Each line below needs to be returned exactly. Skip any picture.

▶ [INFORMATION SUPPLIED]
______________________________

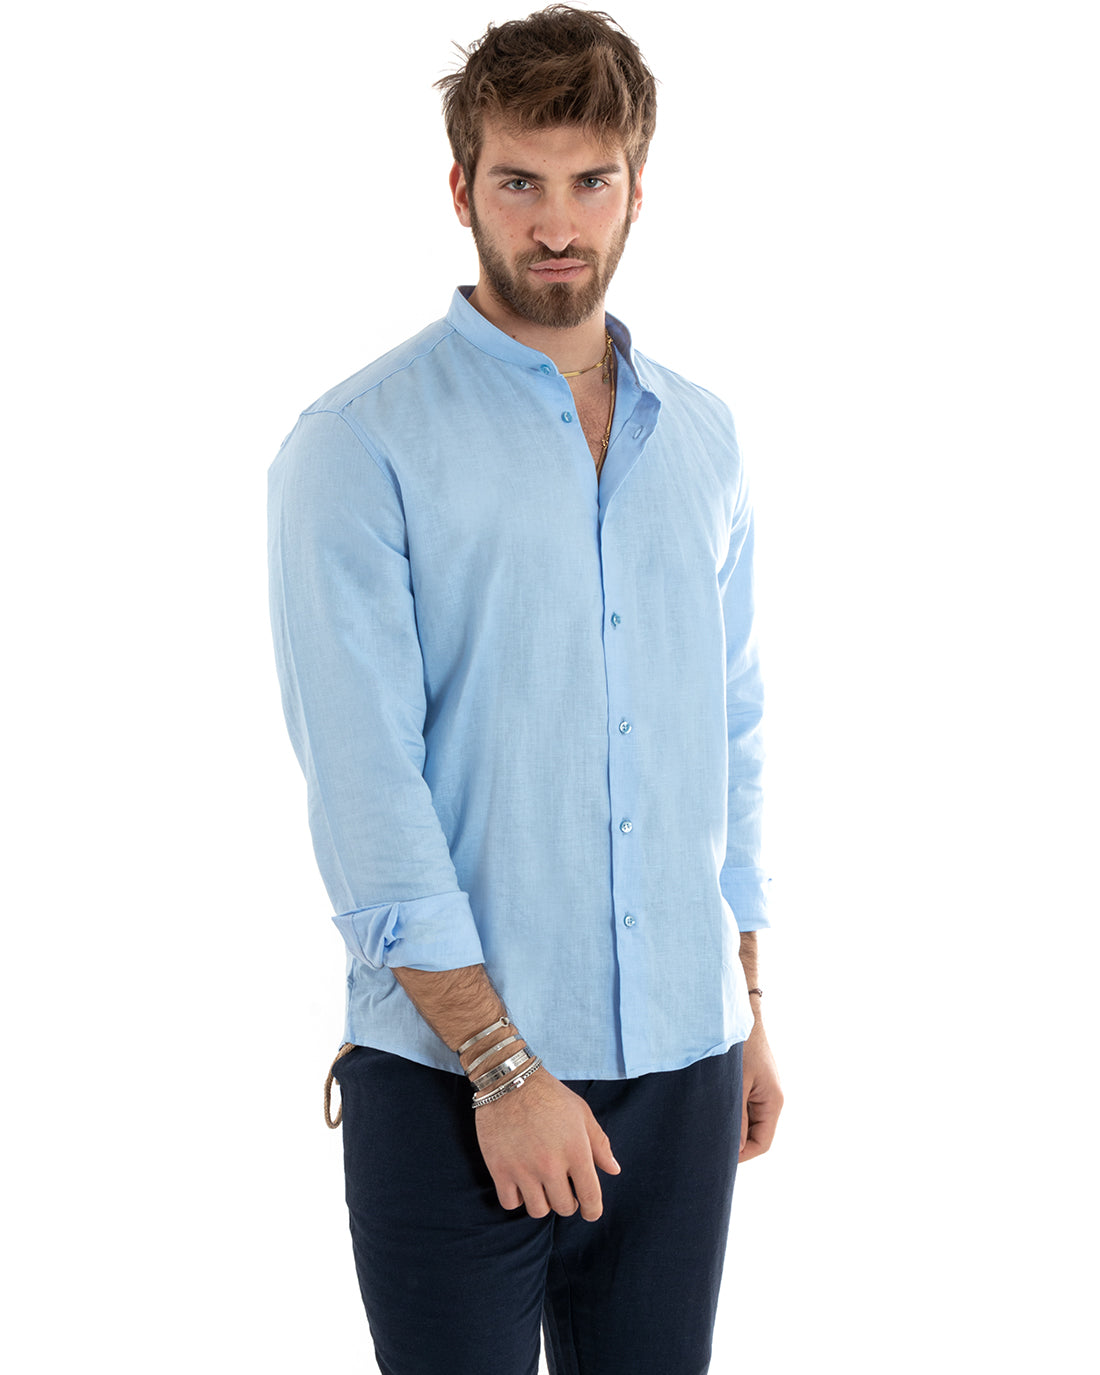 Men's Mandarin Collar Shirt Long Sleeve Linen Solid Color Tailored Light Blue GIOSAL-C2670A
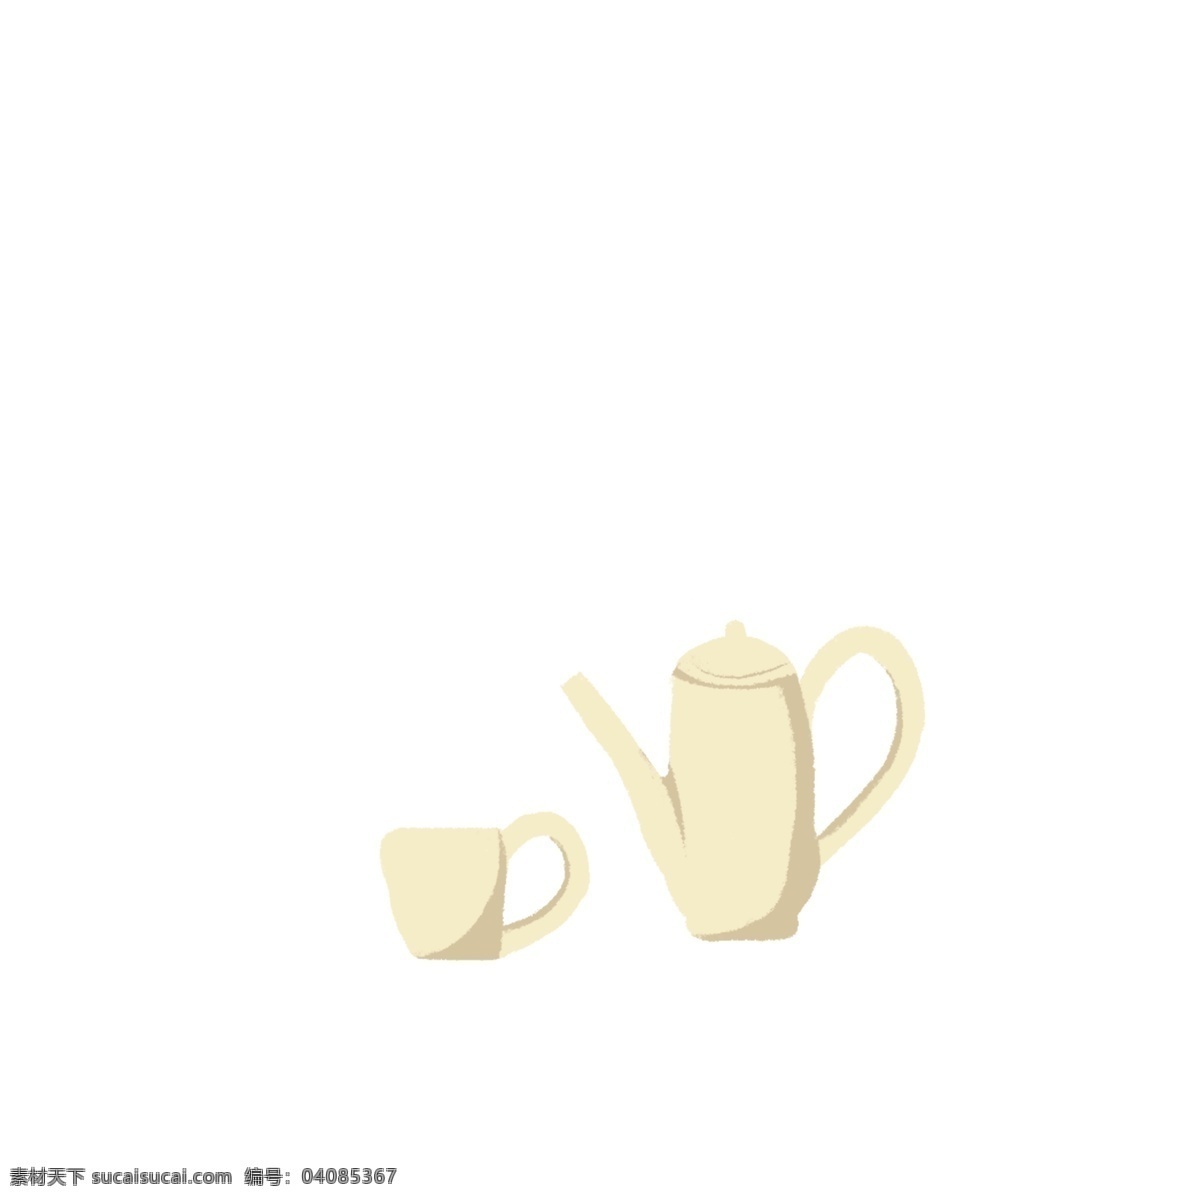 卡通 白色 茶具 免 抠 图 茶壶 卡通图案 卡通插画 生活用品 装水的杯子 茶杯 水壶 免抠图
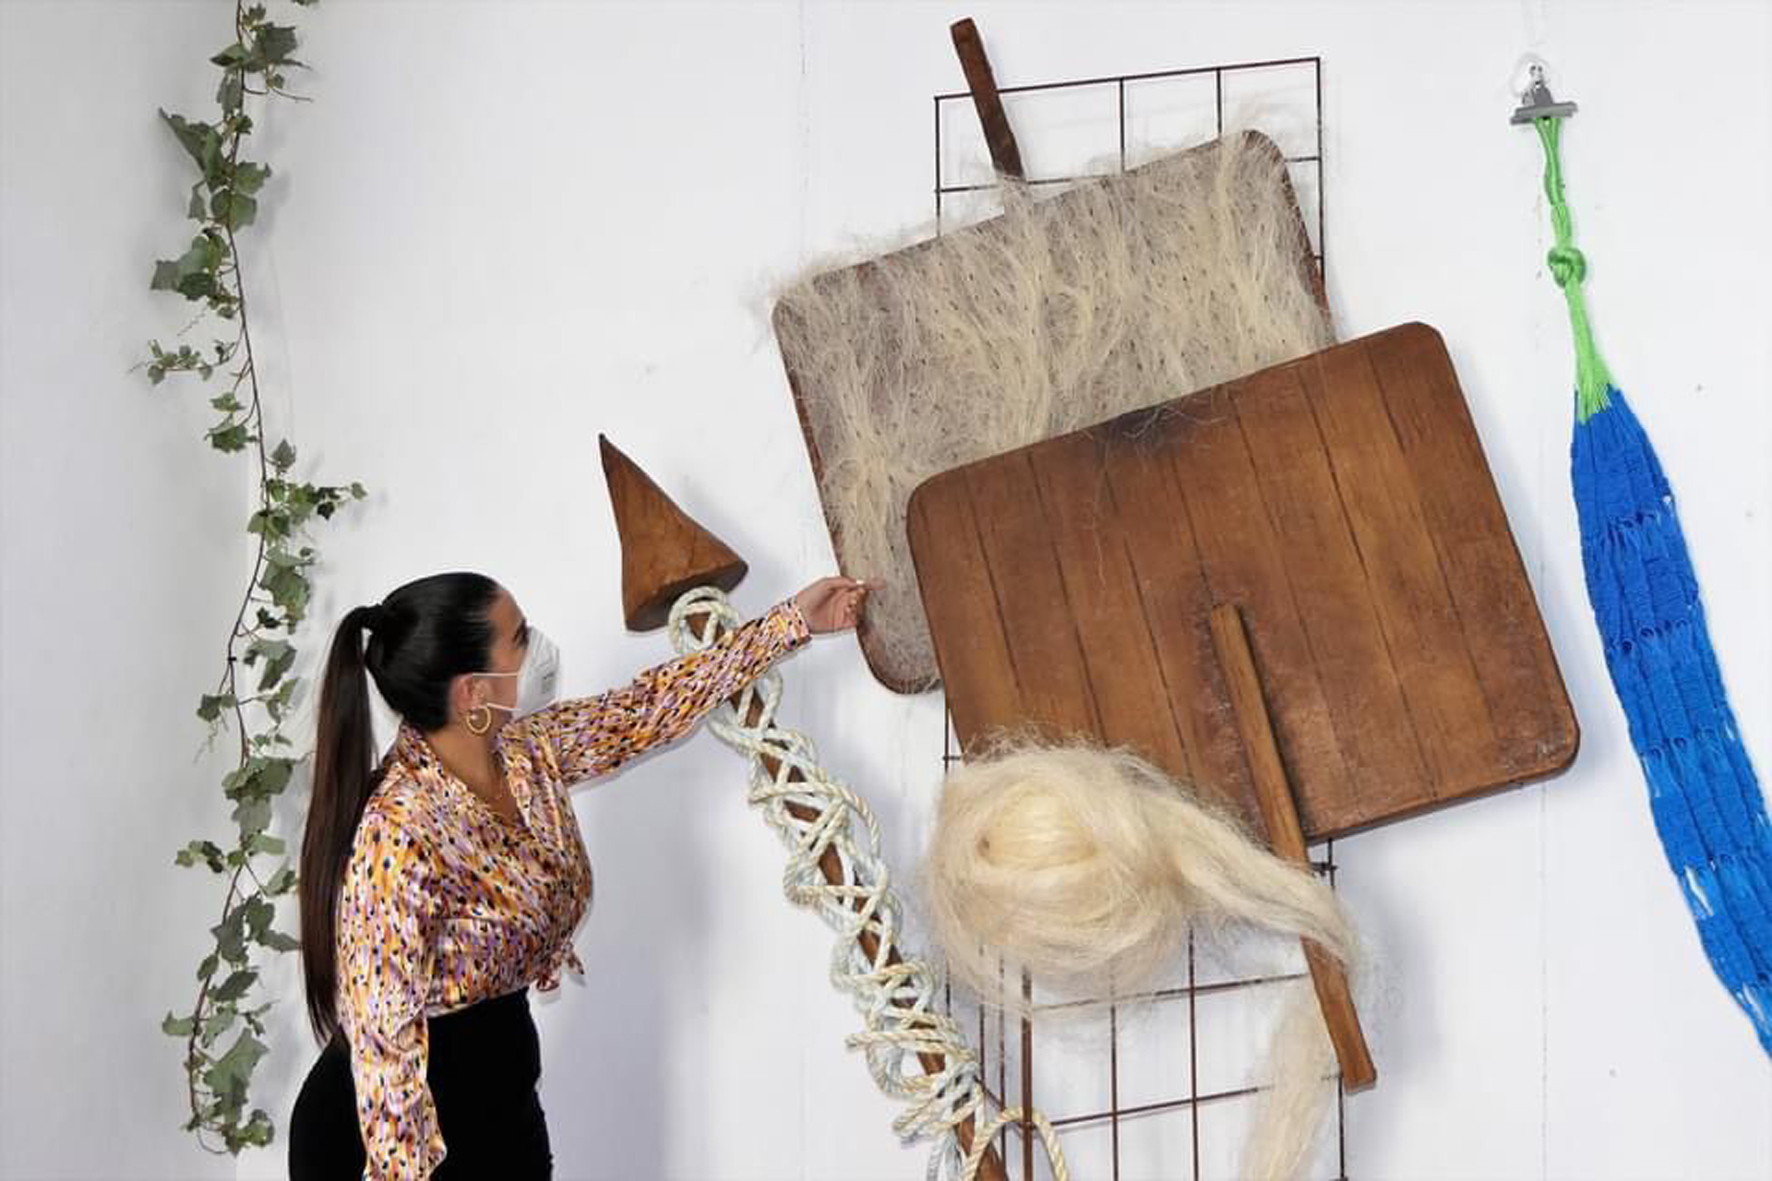 La Sala de Exposiciones del Cabildo Insular acoge la muestra de artesanos herreños “Confecciones”

______________________________

▶ [EXERCISE RESULT]
 Men's Mandarin Collar Shirt Long Sleeve Linen Solid Color Tailored Light Blue GIOSAL-C2670A
 卡通 白色 茶具 免 抠 图 茶壶 卡通图案 卡通插画 生活用品 装水的杯子 茶杯 水壶 免抠图
 La Sala de Exposiciones del Cabildo Insular acoge la muestra de artesanos herreños “Confecciones”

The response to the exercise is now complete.